------ Data below ------

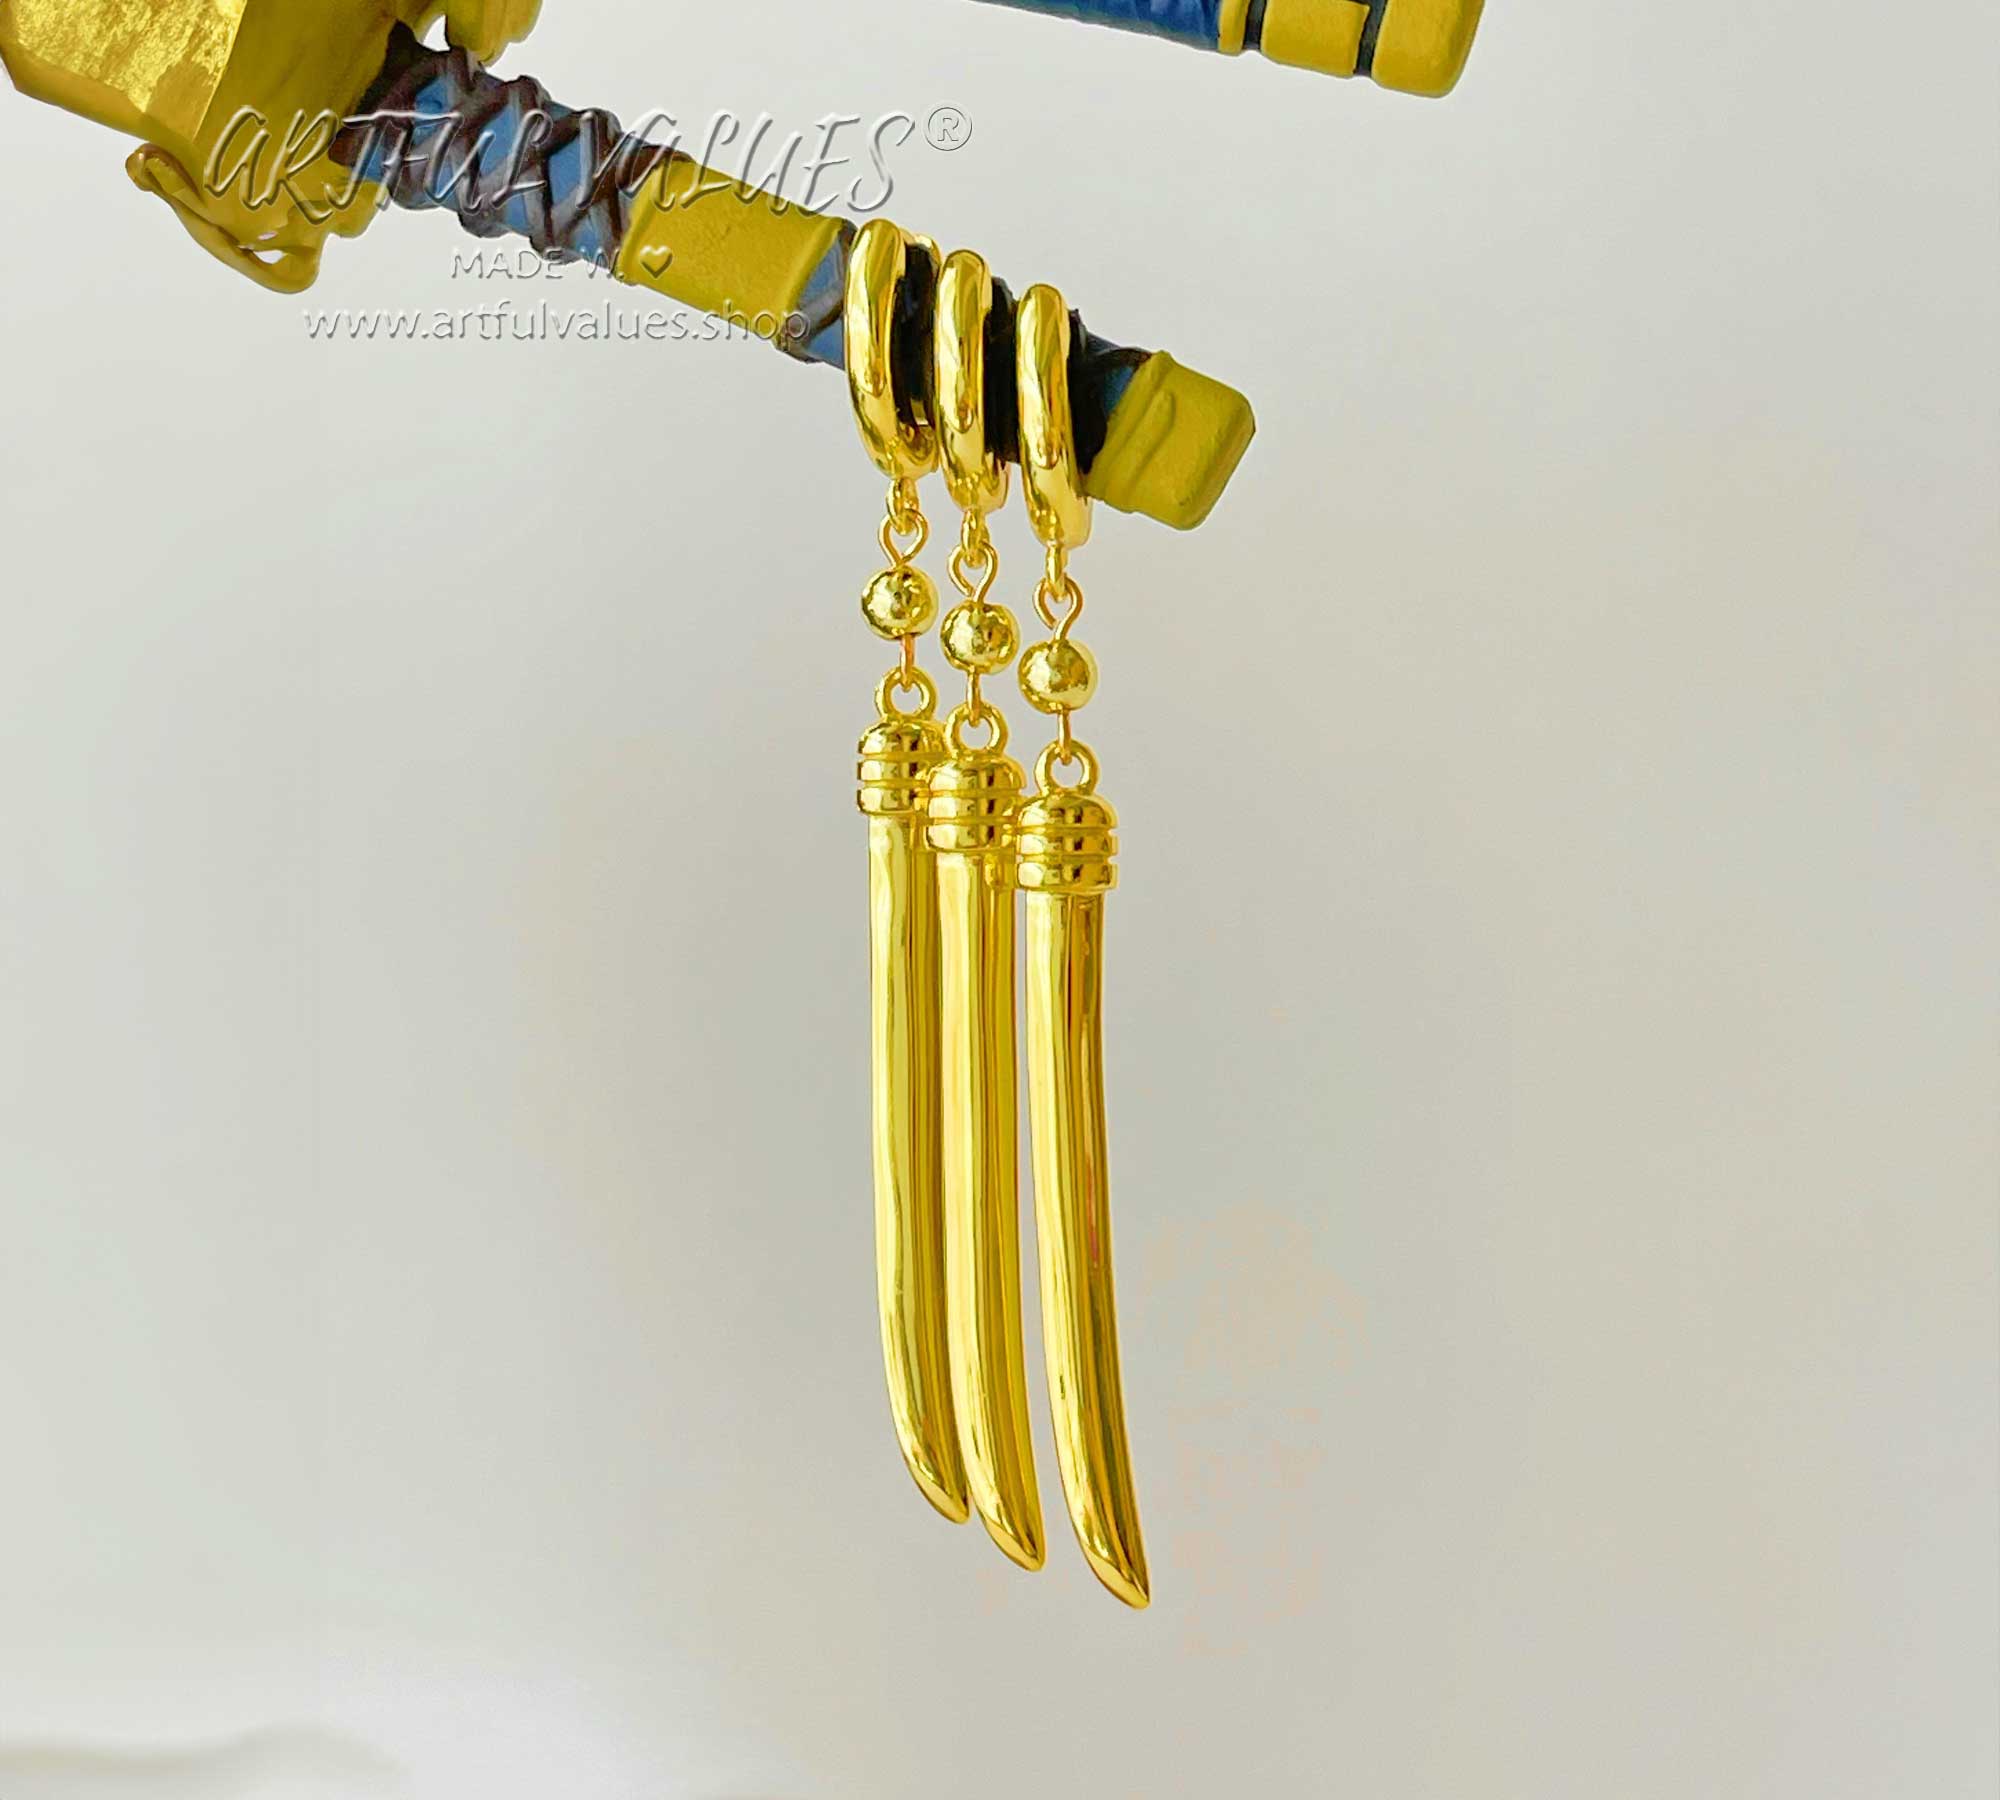 Roronoa Zoro 3 Blades Sword Earrings by Artful Values
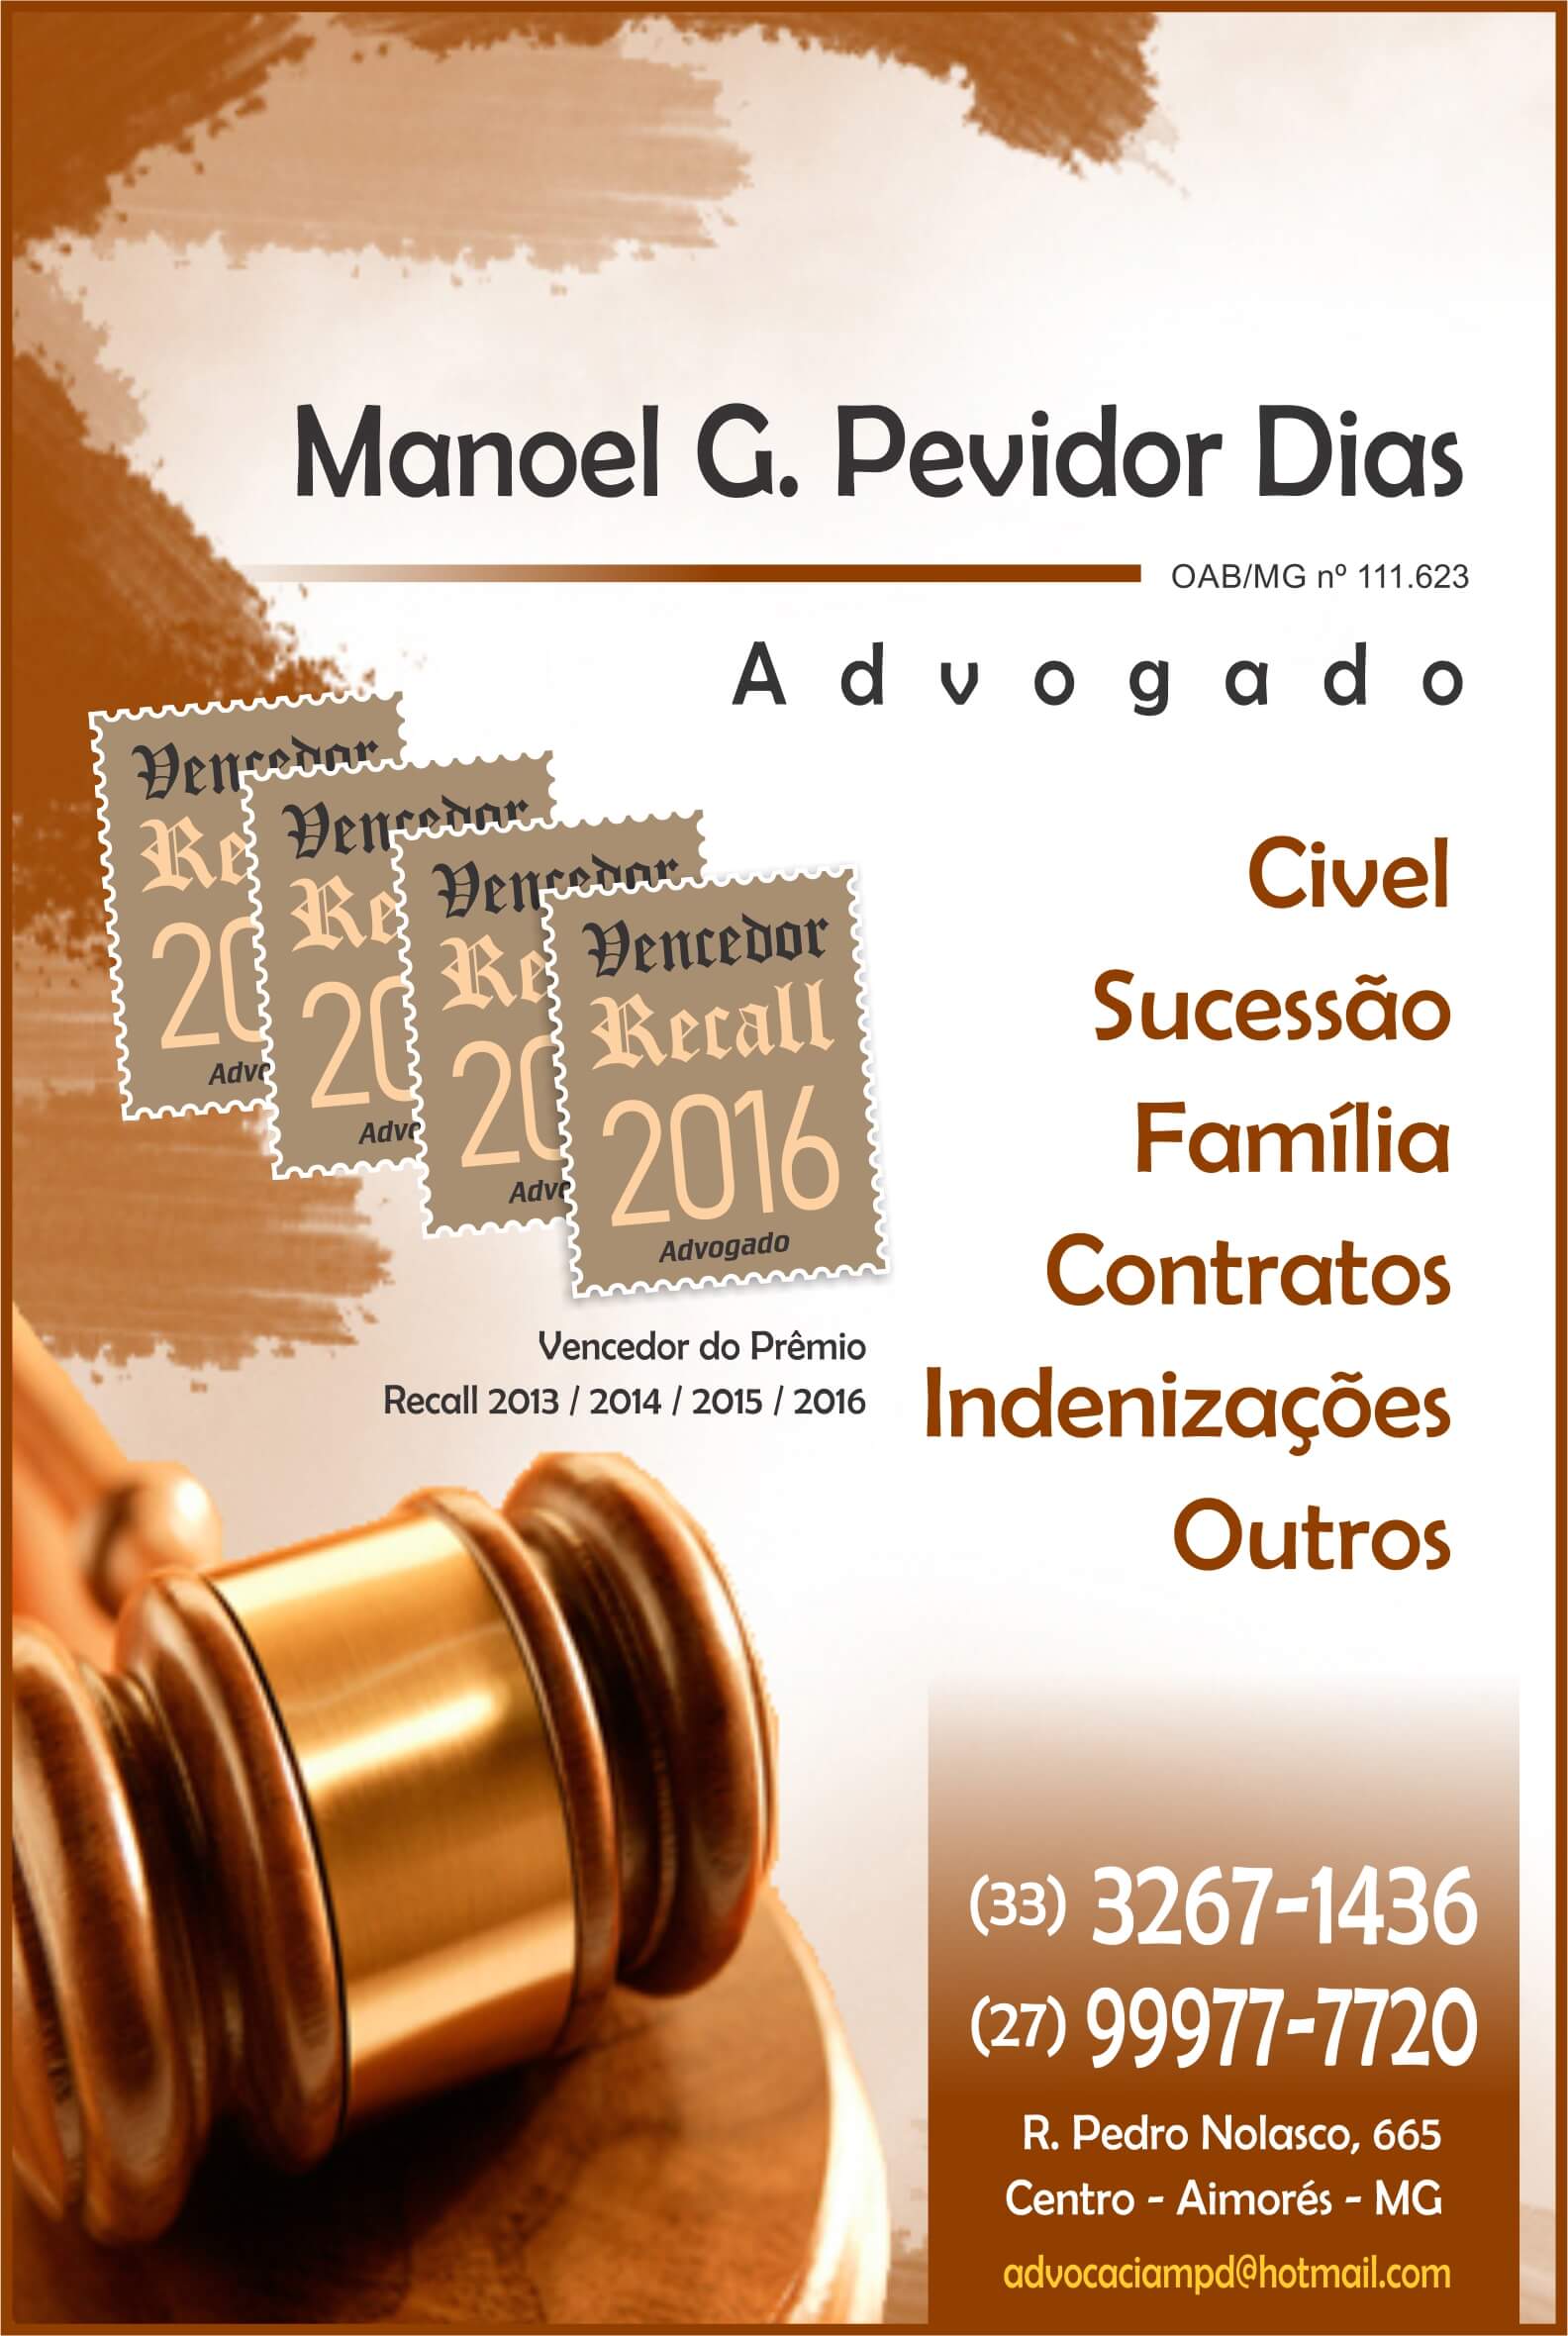 Advogado Dr. Manoel G. Pevidor Dias
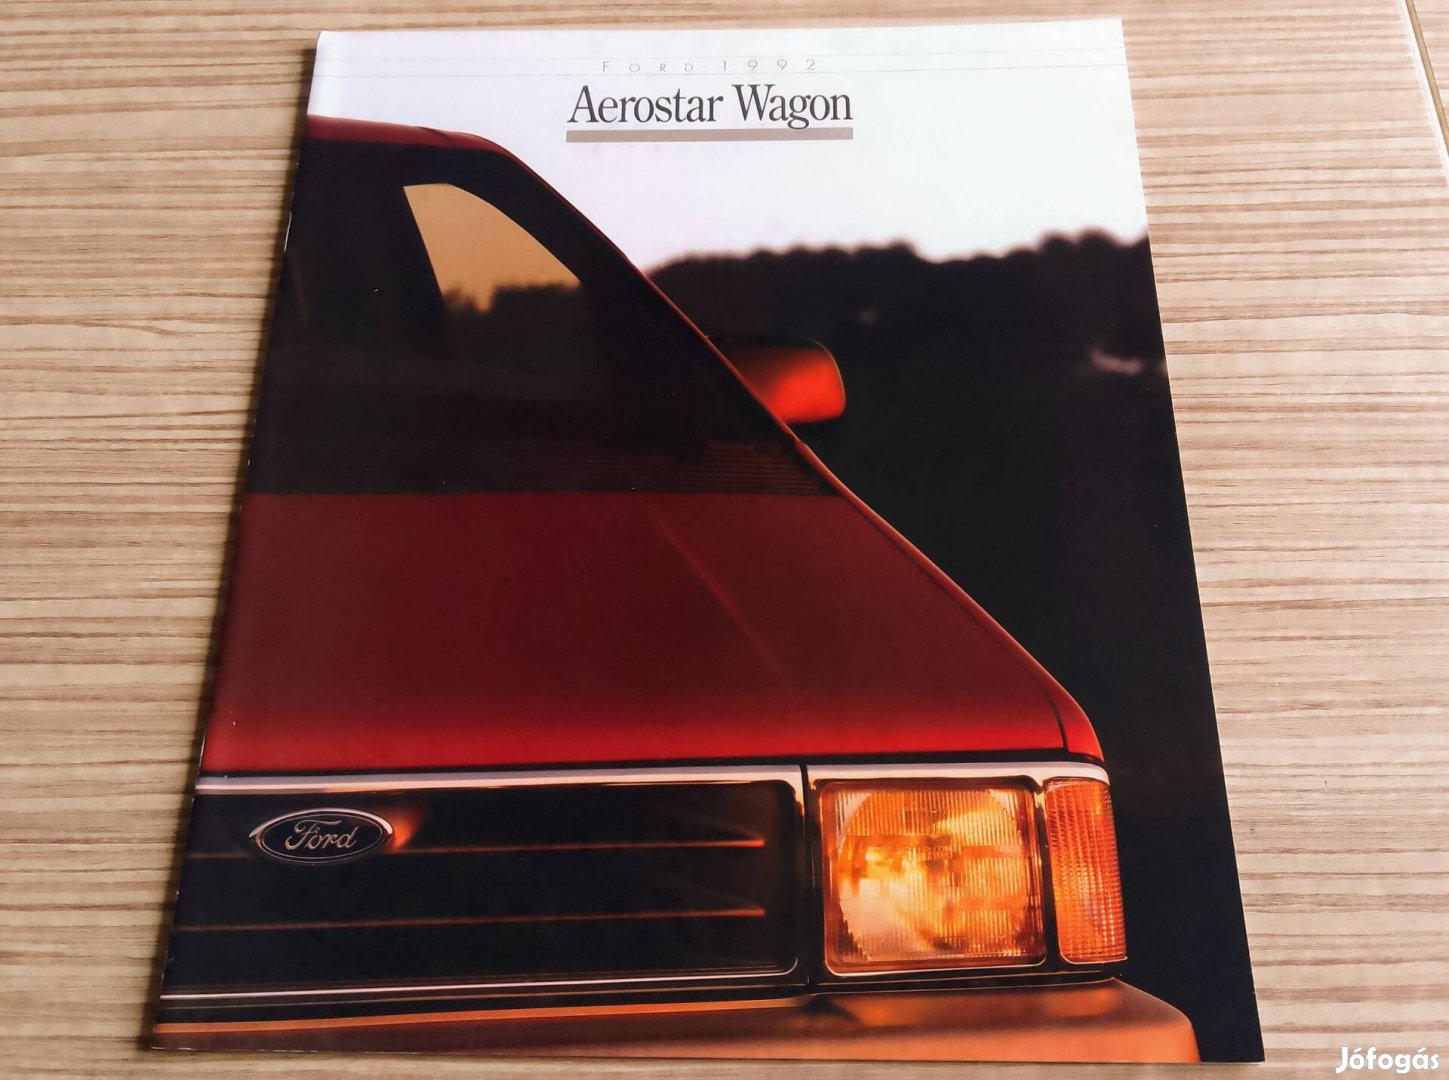 Amerikai Aerostar Wagon (1991) prospektus, katalógus.

------

* [What you are asked to do] When an image appears in the data, skip it and output the rest exactly.

* [Answer section]
 Roronoa Zoro 3 Blades Sword Earrings by Artful Values
 Advogado Dr. Manoel G. Pevidor Dias
 Amerikai Aerostar Wagon (1991) prospektus, katalógus.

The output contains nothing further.